Pre-emphasis coefficient

PREEMCOEF = _

(windowed waveform)

dfs -b 1 -_

(entire waveform)

Window

USEHAMMING = T

window -w 1 -n 0

FFT length

N/A

(auto. calculated)

mfcc -l _

(same as input length)

Number of fbank channels

NUMCHANS = _

mfcc -n _

Lowest frequency

LOFREQ = _

mfcc -L _

Highest frequency

HIFREQ = _

mfcc -H _

Floor value of fbank

N/A

(fixed value: 1.0)

mfcc -e _

(default value: 1.0)

Order of cepstrum

NUMCEPS = _

mfcc -m _

Liftering coefficient

CEPLIFTER = _

mfcc -c _

Output energy

TARGETKIND = MFCC_E

mfcc -o 1

Output 0th coefficient

TARGETKIND = MFCC_0

mfcc -o 2

Use raw energy

RAWENERGY = T

N/A

(do not use raw)

Normalize log energy

ENORMALIZE = T

N/A

(do not normalize)

Delta window size

DELTAWINDOW = _

delta -d _

Accel window size

ACCWINDOW = _

delta -d * -d _

Parameters
  • argc[in] Number of arguments.

  • argv[in] Argument vector.

Returns

0 on success, 1 on failure.

See also

fbank

class sptk::MelFrequencyCepstralCoefficientsAnalysis

Perform mel-frequency cepstral coefficients (MFCC) analysis.

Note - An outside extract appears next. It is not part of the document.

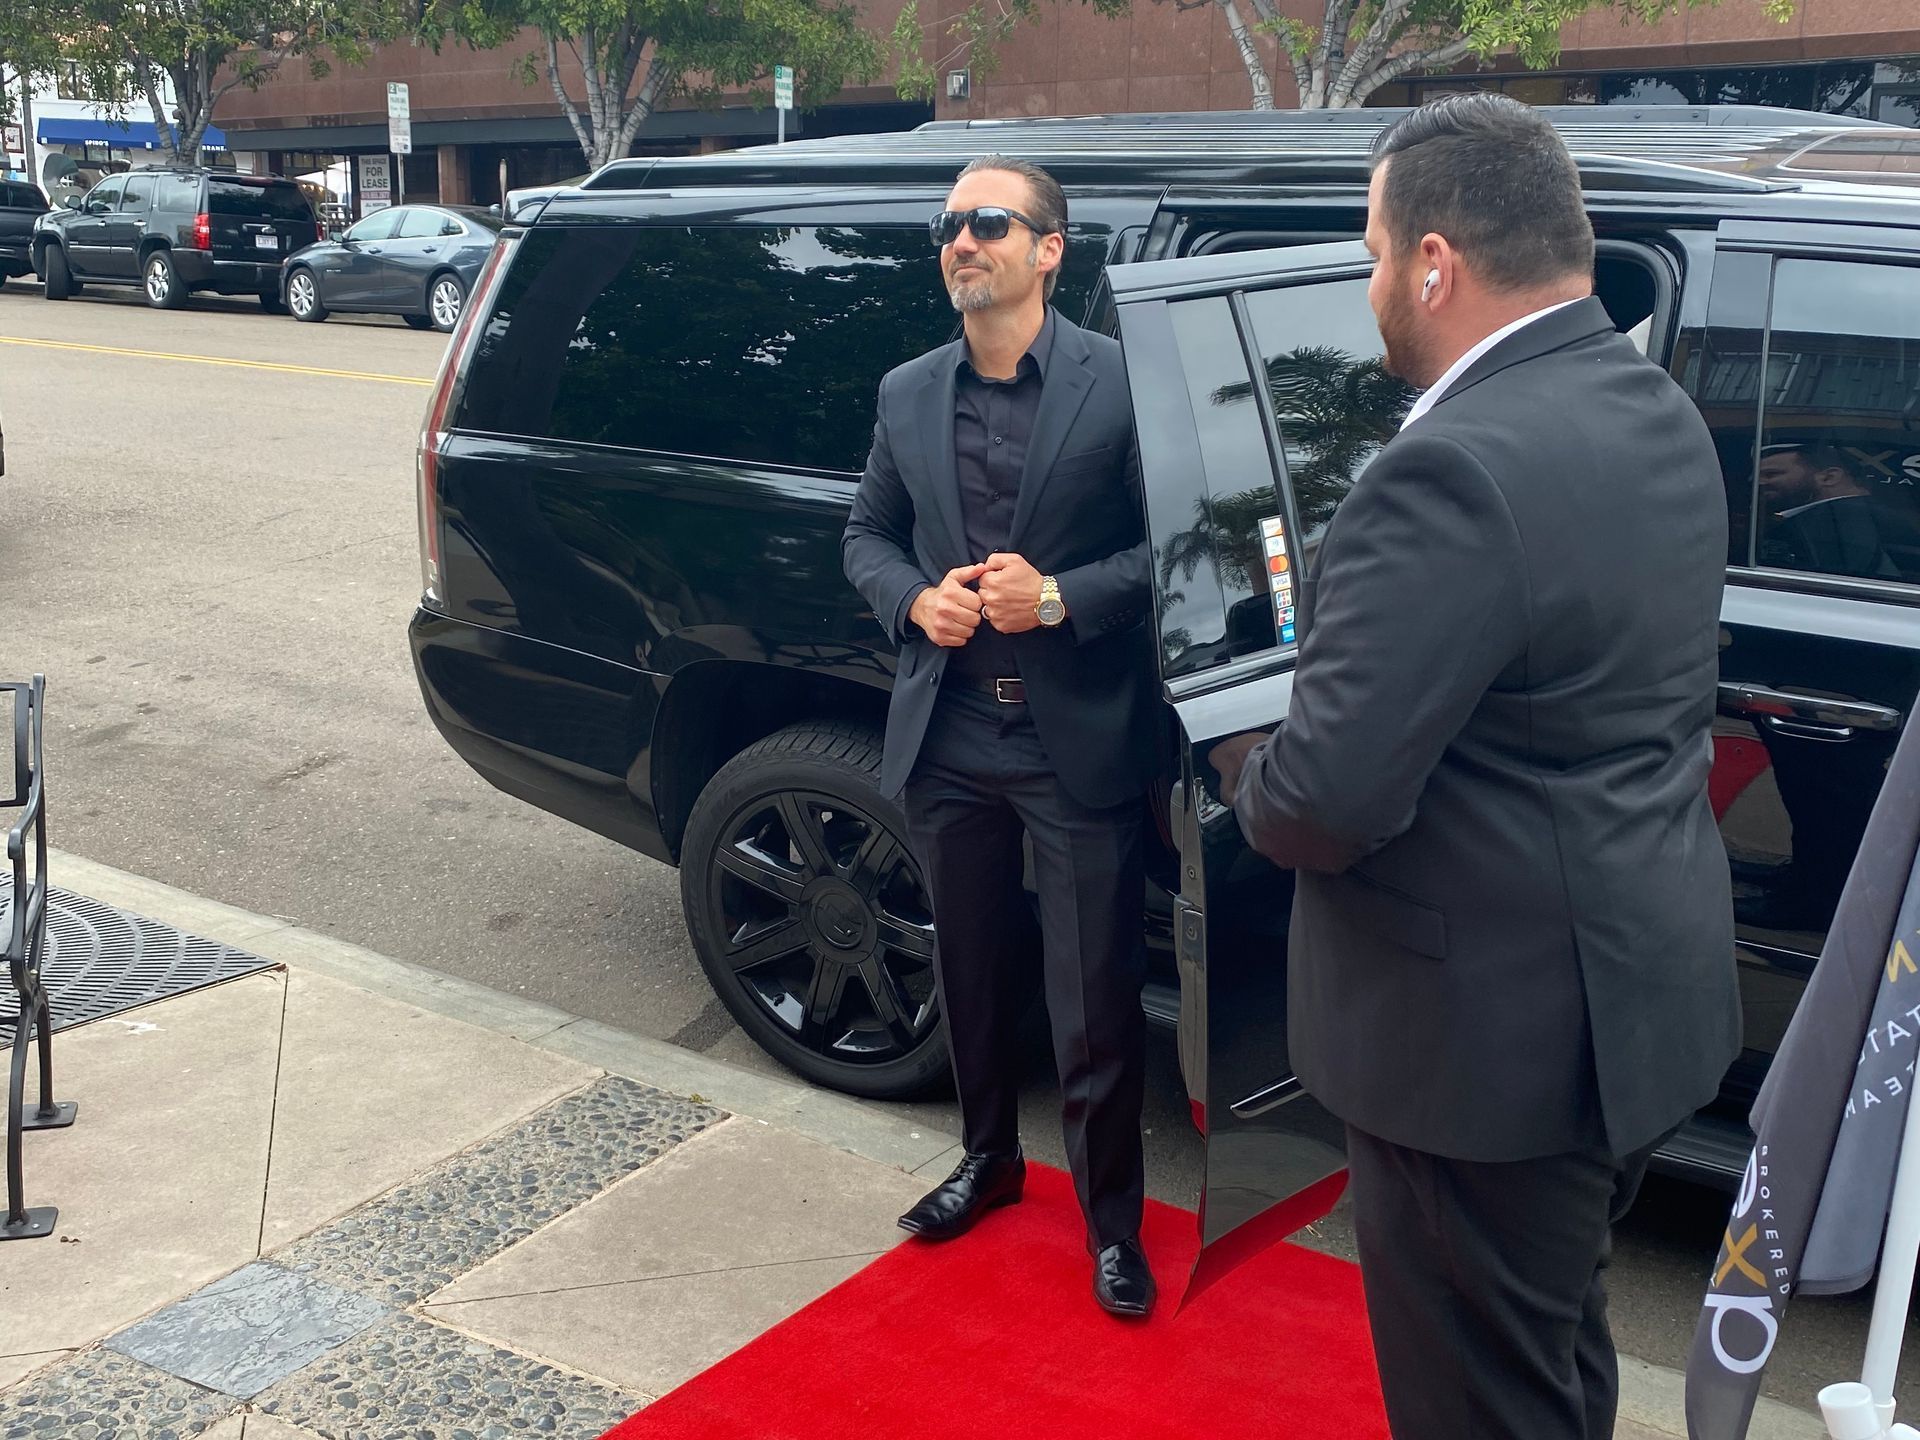 two men in suits are standing next to a black suv on a red carpet .

The input is the half part of power spectrum:

\[ \begin{array}{cccc} |X(0)|^2, & |X(1)|^2, & \ldots, & |X(N/2)|^2, \end{array} \]
where \(N\) is the FFT length. The outputs are the \(M\)-th order MFCCs with the zeroth cepstral parameter:
\[ \begin{array}{ccccc} c(0), & \bar{c}(1), & \bar{c}(2), & \ldots, & \bar{c}(M) \end{array} \]
and the log-signal energy \(E\).

The MFCCs are calculated from mel-filter-bank outputs \(\{F(j)\}_{j=1}^C\) using the discrete cosine transform

\[ c(m) = \sqrt{\frac{2}{C}} \sum_{j=1}^C F(j) \cos \left( \frac{\pi m}{C} \left(j - \frac{1}{2}\right) \right), \]
and the liftering
\[ \bar{c}(m) = \left( 1 + \frac{L}{2} \sin \frac{\pi m}{L} \right) c(m), \]
where \(L\) is the liftering parameter.

[1] S. Young et al., “The HTK book,” Cambridge University Engineering Department, 2006.

Public Functions

MelFrequencyCepstralCoefficientsAnalysis(int fft_length, int num_channel, int num_order, int liftering_coefficient, double sampling_rate, double lowest_frequency, double highest_frequency, double floor)
Parameters
  • fft_length[in] Number of FFT bins, \(N\).

  • num_channel[in] Number of channels, \(C\).

  • num_order[in] Order of cepstral coefficients, \(M\).

  • liftering_coefficient[in] A parameter of liftering, \(L\).

  • sampling_rate[in] Sampling rate in Hz.

  • lowest_frequency[in] Lowest frequency in Hz.

  • highest_frequency[in] Highest frequency in Hz.

  • floor[in] Floor value of raw filter-bank output.

inline int GetFftLength() const
Returns

FFT size.

inline int GetNumChannel() const
Returns

Number of channels.

inline int GetNumOrder() const
Returns

Order of cepstral coefficients.

inline int GetLifteringCoefficient() const
Returns

Liftering coefficient.

inline bool IsValid() const
Returns

True if this object is valid.

bool Run(const std::vector<double> &power_spectrum, std::vector<double> *mfcc, double *energy, MelFrequencyCepstralCoefficientsAnalysis::Buffer *buffer) const
Parameters
  • power_spectrum[in] \((N/2+1)\)-length power spectrum.

  • mfcc[out] \(M\)-th order MFCCs.

  • energy[out] Signal energy \(E\) (optional).

  • buffer[out] Buffer.

Returns

True on success, false on failure.

class Buffer

Buffer for MelFrequencyCepstralCoefficientsAnalysis class.